NAME
WWW::LinkRot - check web page link rot
SYNOPSIS
use WWW::LinkRot;
VERSION
This documents version 0.01 of WWW-LinkRot corresponding to git commit 669d2c37bcc74b435d2e2d7e6983c48565e65081 released on Mon Mar 8 22:48:31 2021 +0900.
DESCRIPTION
Scan HTML pages for links, try to access the links, and make a report.
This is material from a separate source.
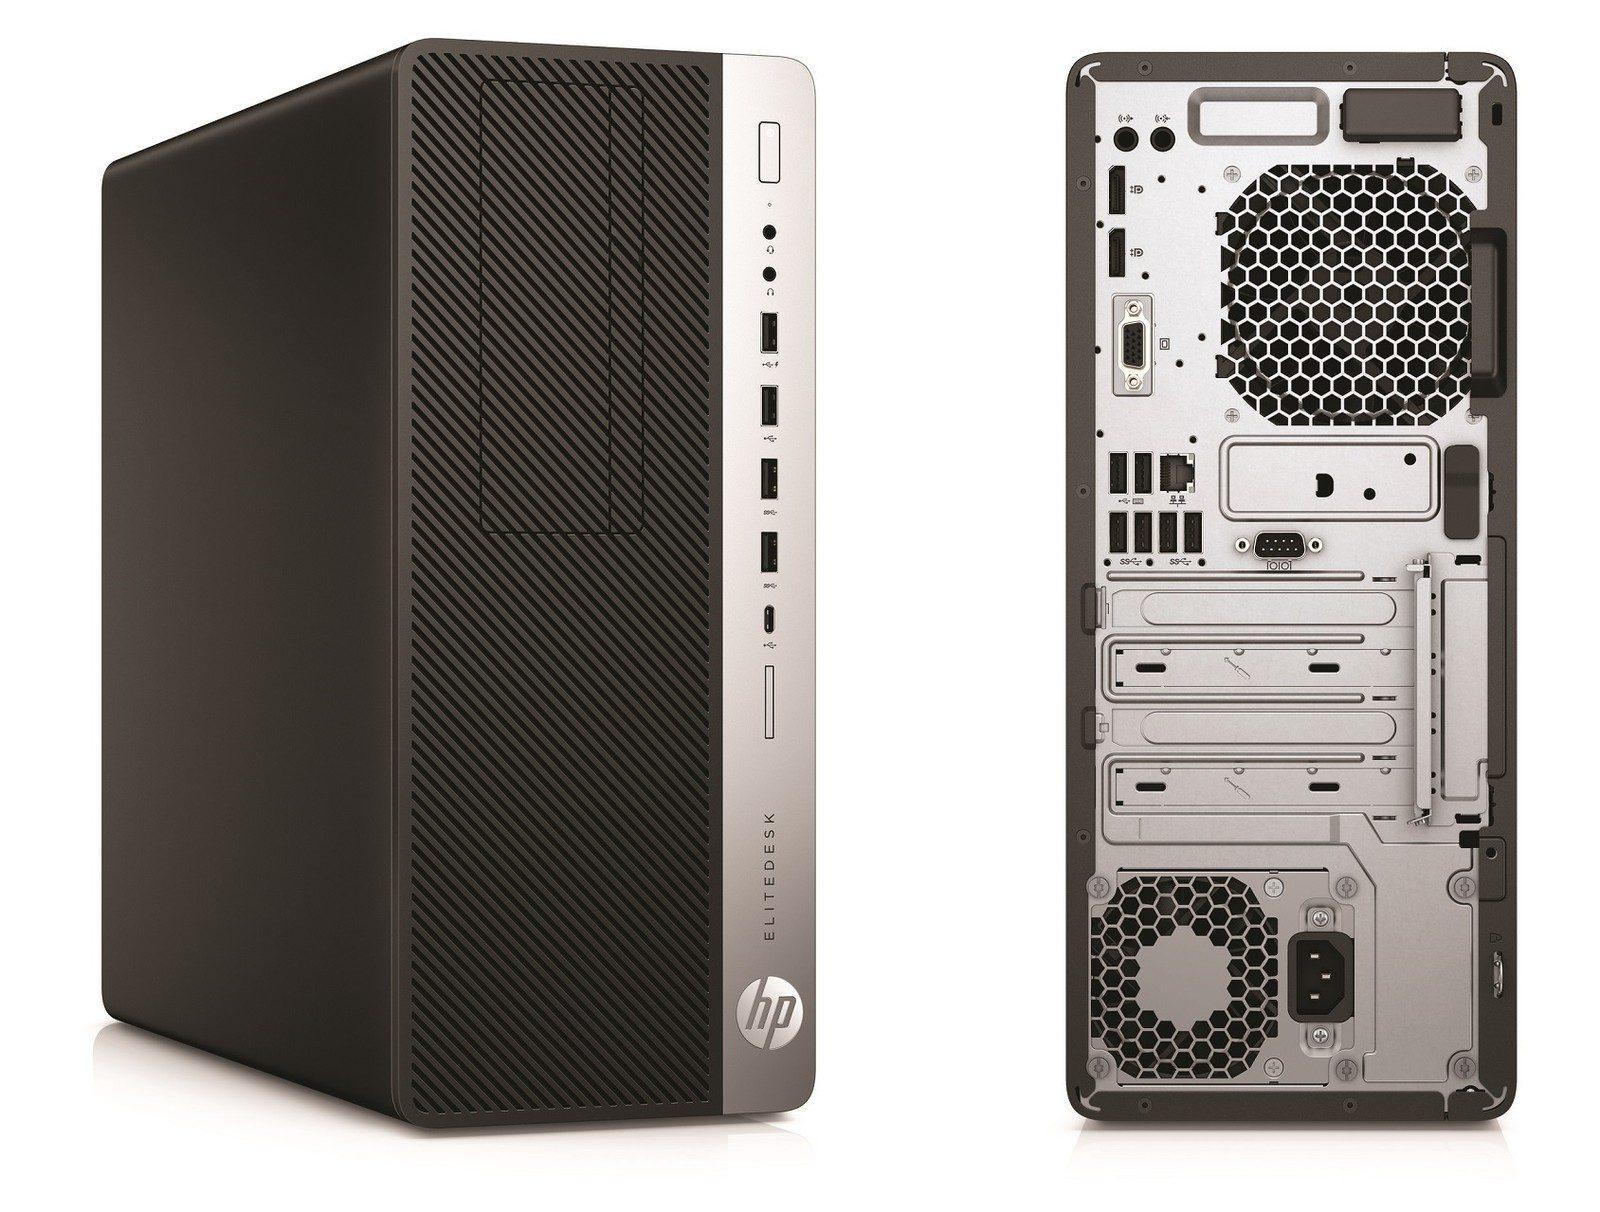 Kết quả hình ảnh cho Máy tính HP ProDesk 400 G4 MT G4560 (1HT52PA)

The HTML files need to be in UTF-8 encoding.
FUNCTIONS
check_links
check_links ($links);
Check the links returned by "get_links" and write to a JSON file specified by the out
option.
check_links ($links, out => "link-statuses.json");
get_links
my $links = get_links (\@files);
Given a list of HTML files in @files
, extract all the links from it. The return value $links
contains a hash reference whose keys are the links and whose values are array references containing a list of all the files of @files
which contain the link.
html_report
html_report (in => 'link-statuses.json',
Write an HTML report using the JSON output by "get_links".
replace
replace (\%links, @files);
Make a regex of links with 30* statuses and new locations, then go through @files and replace them with the new locations.
DEPENDENCIES
- LWP::UserAgent
- HTML::Make
-
This is used to make the HTML report about the links.
- HTML::Make::Page
-
This is used to make the HTML report about the links.
- JSON::Parse
- JSON::Create
-
This is used to make the report file about the links.
- Trav::Dir
-
This is used to traverse the directory of HTML files.
- File::Slurper
-
This is used for reading and writing files.
- Convert::Moji
SEE ALSO
CPAN
AUTHOR
Ben Bullock, <bkb@cpan.org>
COPYRIGHT & LICENCE
This package and associated files are copyright (C) 2021 Ben Bullock.
You can use, copy, modify and redistribute this package and associated files under the Perl Artistic Licence or the GNU General Public Licence.